- Problem description -
The number of lines containing the word "Brown" is all you should give; count them in the records below.

Exercise material section start

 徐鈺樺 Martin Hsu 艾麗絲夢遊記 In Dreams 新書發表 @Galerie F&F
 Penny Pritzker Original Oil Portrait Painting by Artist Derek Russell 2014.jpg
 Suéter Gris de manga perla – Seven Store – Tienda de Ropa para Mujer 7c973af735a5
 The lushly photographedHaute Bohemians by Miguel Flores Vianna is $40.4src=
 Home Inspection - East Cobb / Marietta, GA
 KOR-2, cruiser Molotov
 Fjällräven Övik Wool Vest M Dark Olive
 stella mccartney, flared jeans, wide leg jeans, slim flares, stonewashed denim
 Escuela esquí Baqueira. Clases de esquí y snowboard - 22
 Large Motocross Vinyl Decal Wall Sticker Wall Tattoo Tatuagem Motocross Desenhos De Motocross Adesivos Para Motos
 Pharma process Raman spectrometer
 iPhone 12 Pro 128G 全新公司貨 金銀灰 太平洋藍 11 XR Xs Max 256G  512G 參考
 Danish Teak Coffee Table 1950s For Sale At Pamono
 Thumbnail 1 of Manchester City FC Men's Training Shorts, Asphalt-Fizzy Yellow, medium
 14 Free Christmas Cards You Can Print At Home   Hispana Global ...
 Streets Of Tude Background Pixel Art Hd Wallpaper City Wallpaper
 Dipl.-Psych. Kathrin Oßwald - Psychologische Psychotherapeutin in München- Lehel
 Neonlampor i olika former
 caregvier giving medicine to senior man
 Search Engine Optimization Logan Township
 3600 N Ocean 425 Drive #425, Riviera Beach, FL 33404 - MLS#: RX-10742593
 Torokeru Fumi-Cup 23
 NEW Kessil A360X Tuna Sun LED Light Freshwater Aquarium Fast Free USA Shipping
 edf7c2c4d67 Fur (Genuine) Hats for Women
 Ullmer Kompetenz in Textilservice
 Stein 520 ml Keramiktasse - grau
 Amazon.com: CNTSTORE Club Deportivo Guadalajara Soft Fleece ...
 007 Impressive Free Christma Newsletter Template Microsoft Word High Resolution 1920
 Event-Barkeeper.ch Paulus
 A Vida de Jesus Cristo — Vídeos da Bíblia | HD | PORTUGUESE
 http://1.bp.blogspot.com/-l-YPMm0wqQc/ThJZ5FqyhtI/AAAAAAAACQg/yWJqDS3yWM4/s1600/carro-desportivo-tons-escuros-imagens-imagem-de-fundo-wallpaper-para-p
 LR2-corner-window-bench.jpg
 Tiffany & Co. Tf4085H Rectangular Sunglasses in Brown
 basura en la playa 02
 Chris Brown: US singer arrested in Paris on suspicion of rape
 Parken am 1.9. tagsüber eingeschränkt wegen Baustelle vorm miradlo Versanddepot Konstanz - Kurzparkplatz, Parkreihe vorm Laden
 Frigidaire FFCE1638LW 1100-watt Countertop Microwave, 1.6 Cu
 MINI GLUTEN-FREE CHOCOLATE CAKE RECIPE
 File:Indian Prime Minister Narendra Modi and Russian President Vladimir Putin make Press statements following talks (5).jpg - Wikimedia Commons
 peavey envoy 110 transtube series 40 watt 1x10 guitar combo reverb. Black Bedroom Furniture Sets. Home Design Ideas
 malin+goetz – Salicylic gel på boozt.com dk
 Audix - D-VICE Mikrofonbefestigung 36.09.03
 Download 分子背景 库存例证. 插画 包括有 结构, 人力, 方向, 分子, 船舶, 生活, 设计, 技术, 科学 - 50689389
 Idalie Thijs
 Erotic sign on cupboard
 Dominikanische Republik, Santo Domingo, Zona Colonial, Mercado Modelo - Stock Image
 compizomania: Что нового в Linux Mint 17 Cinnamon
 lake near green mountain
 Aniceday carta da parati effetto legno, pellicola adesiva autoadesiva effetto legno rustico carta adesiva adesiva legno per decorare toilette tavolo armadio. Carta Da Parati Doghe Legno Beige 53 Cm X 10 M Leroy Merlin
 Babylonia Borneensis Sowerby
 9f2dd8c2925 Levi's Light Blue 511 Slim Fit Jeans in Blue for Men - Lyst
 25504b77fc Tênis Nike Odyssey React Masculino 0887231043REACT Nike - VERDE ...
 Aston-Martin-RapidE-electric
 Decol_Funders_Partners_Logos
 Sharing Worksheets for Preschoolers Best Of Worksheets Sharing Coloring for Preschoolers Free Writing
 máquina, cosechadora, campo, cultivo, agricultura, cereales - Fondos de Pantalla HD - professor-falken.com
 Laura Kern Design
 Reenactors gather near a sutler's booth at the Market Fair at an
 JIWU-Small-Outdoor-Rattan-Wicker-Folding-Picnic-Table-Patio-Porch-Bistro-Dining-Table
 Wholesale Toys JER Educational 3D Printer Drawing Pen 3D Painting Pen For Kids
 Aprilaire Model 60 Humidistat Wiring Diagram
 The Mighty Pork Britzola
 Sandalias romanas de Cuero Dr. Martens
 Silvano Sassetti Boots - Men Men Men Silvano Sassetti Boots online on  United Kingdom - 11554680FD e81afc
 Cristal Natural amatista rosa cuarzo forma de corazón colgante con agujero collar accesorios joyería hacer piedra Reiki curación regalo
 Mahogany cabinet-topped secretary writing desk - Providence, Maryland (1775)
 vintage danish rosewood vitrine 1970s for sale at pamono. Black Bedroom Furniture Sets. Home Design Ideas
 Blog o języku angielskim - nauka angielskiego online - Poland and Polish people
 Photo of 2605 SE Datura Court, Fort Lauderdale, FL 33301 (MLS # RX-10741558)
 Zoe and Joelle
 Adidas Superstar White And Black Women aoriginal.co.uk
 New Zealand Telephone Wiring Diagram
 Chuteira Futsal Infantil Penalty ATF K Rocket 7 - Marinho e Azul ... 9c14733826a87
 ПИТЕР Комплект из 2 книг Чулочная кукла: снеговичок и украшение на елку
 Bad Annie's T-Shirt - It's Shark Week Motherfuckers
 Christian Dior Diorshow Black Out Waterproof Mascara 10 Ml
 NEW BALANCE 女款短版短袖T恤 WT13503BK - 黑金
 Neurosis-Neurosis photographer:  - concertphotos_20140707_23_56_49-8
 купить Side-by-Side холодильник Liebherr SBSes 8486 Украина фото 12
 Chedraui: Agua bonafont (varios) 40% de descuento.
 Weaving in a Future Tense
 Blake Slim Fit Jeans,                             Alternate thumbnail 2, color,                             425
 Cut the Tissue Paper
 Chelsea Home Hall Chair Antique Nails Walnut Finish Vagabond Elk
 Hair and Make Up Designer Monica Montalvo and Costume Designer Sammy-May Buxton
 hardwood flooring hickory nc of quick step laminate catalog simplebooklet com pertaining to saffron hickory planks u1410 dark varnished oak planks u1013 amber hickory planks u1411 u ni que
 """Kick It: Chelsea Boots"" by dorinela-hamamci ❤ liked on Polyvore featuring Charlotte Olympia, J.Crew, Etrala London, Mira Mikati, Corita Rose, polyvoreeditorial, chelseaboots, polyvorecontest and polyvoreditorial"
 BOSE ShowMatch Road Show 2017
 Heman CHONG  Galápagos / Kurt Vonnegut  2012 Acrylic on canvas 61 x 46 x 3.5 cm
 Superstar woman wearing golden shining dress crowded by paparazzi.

Exercise material section end

- Solution for this task -
2